Attach a cluster to this notebook now by clicking the dropdown near the top-left corner of this page. Select the cluster you created previously. This will clear the execution state of the notebook and connect the notebook to the selected cluster.

Note that the dropdown menu provides the option of starting or restarting the cluster as needed. You can also detach and re-attach to a cluster in a single movement. This is useful for clearing the execution state when needed.

<i18n value="68805a5e-3b2c-4f79-819f-273d4ca95137"/>



# Using %run

Complex projects of any type can benefit from the ability to break them down into simpler, reusable components.

In the context of Databricks notebooks, this facility is provided through the **`%run`** magic command.

When used this way, variables, functions and code blocks become part of the current programming context.

Consider this example:

**`Notebook_A`** has four commands:
  1. **`name = "John"`**
  2. **`print(f"Hello {name}")`**
  3. **`%run ./Notebook_B`**
  4. **`print(f"Welcome back {full_name}`**

**`Notebook_B`** has only one commands:
  1. **`full_name = f"{name} Doe"`**

If we run **`Notebook_B`** it will fail to execute because the variable **`name`** is not defined in **`Notebook_B`**

Likewise, one might think that **`Notebook_A`** would fail becase it uses the variable **`full_name`** which is likewise not defined in **`Notebook_A`**, but it doesn't!
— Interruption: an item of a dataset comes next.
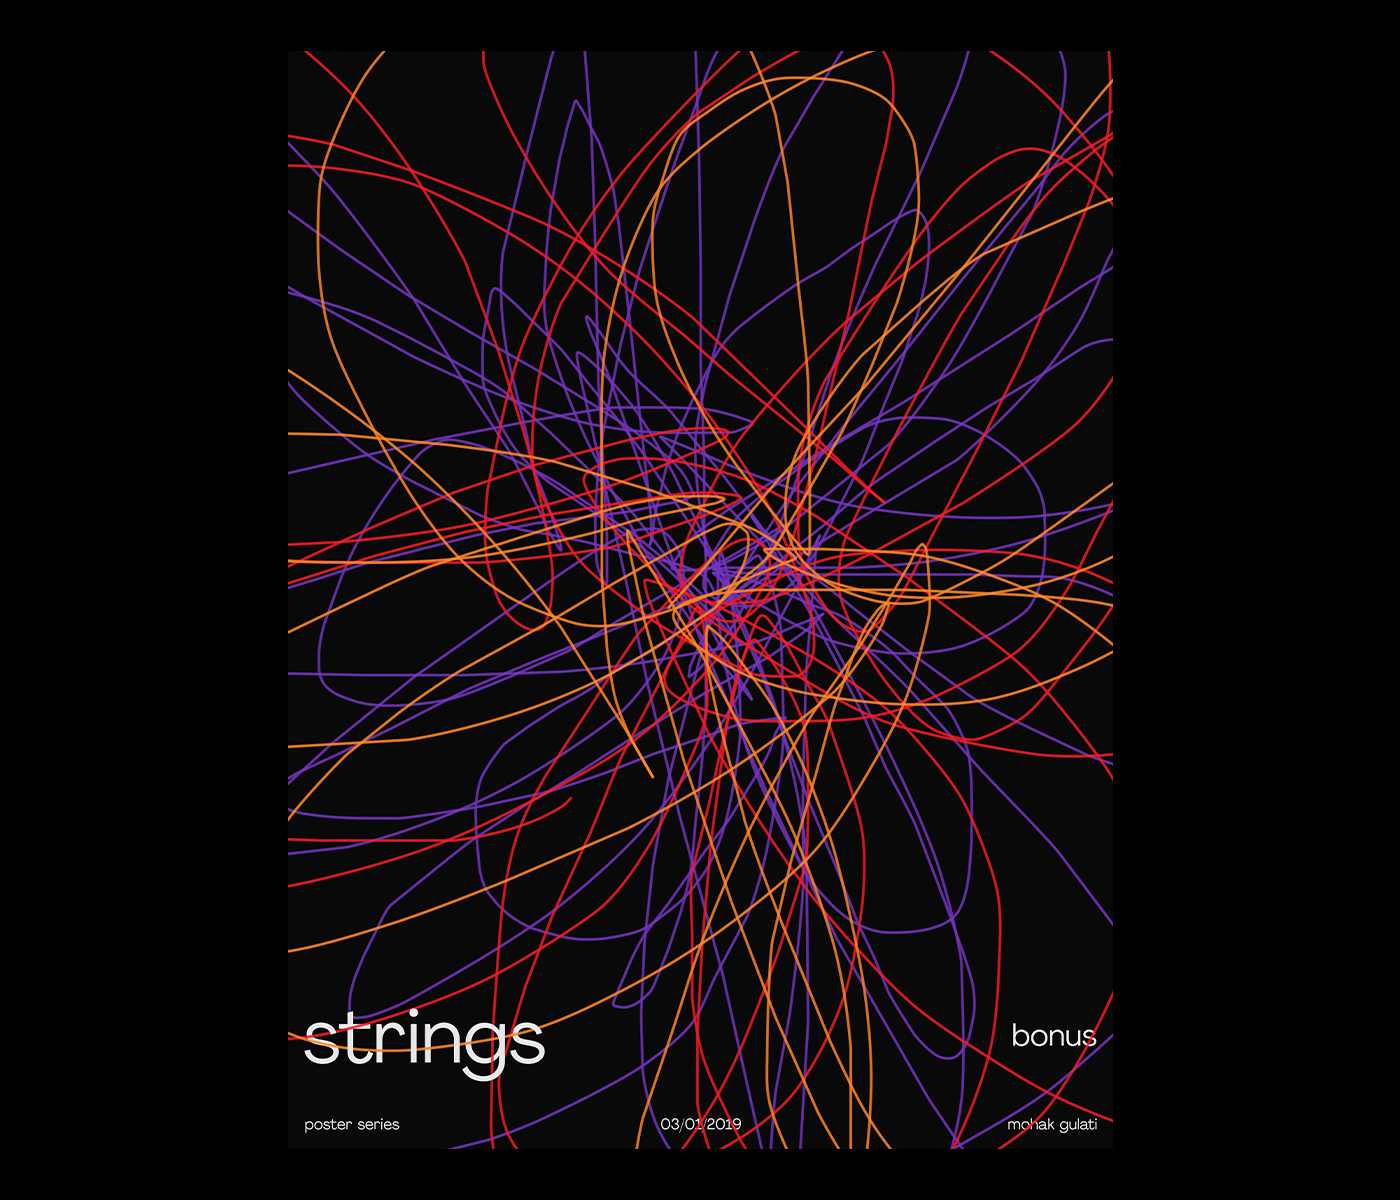 strings poster print Poster Design composition Piet Mondiran de stijl neo-plasticism Poster series

What actually happens is that the two notebooks are merged together as we see below and **then** executed:
1. **`name = "John"`**
2. **`print(f"Hello {name}")`**
3. **`full_name = f"{name} Doe"`**
4. **`print(f"Welcome back {full_name}")`**

And thus providing the expected behavior:
* **`Hello John`**
* **`Welcome back John Doe`**

<i18n value="260e99b3-4126-41b7-8210-b6ff01b98790"/>



The folder that contains this notebook contains a subfolder named **`ExampleSetupFolder`**, which in turn contains a notebook called **`example-setup`**. 

This simple notebook declares the variable **`my_name`**, sets it to **`None`** and then creates a DataFrame called **`example_df`**.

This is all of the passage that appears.